Almost all these examples are actors and actresses and perhaps it is the nature of their profession that dictates that they live their lives in fantasy, having gone from obscurity to wealth and fame in an instant and having bypassed the typical struggles that most of us go through in order to make economic progress in our daily lives. However, the principle is frequently observed in the fields of comedy (Eddie Izzard, John Bishop, Micky Flanagan, David Schneider, Stewart Lee, and so on and so forth) and music (almost every talented artist in the western world). Though a generalisation, it does seem to be a trend that reasonably bland, unadventurous, conservative or less quality comedians and musicians are the ones who either abstain from the debate entirely or perhaps even show a predilection for the alternative view; that perhaps capitalism is okay and people should carry on about their business without the need for an economic revolution. It is difficult to understand the link here, other than the fact that perhaps as part of their quest for taking a risk in the process of creating art, the left-wingers are more inclined to champion an alternative view, whereas those that play it safe are more likely to endorse what is seen as the status quo. That makes sense. What does not make sense is their inability to fathom how they can oversee the hypocrisy that ultimately discredits their own argument and ensures that people simply sigh and turn the channel over every time they appear during the general Election telling us to vote for Corbyn or the Green Party or whoever else might capture the hearts of the left-wing elite.
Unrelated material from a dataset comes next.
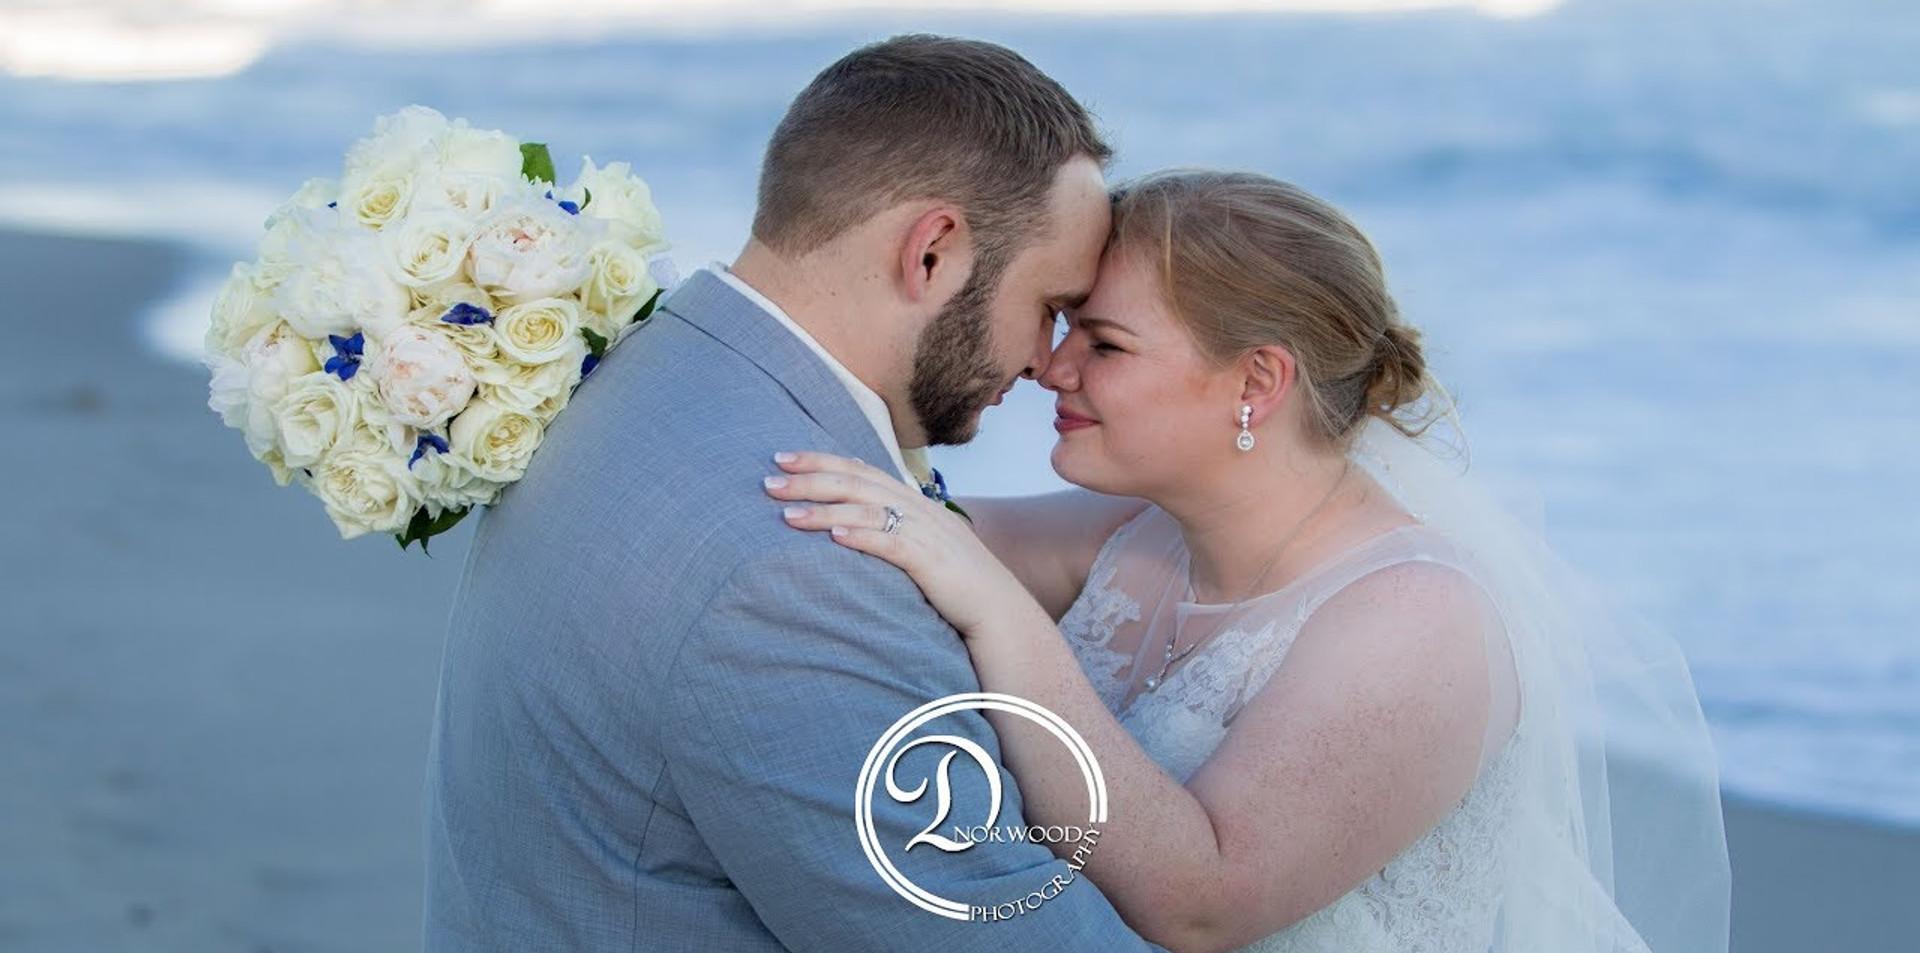 The Martino Wedding | Raddison Melbourne, FL

Perhaps a change of direction, a small tweak to the approach could be all it would take to actually embrace the stark realities of their economic prosperity and find a way to connect with the ordinary man on the street. However, even when this happens, it still ends up in a mess. Take Chris Evans recent statement that the top earners at the BBC have caused a funding issue. “It’s simple,” he stated. “It doesn’t take much to work out that you should pay people like me less.” Hmm, would a lower salary have convinced him to sign a deal to present Top Gear? Would he be prepared to ignore the pleas of his agent in the negotiation process? Did he actually offer to take the job for less money? No. Once again, the words ring hollow.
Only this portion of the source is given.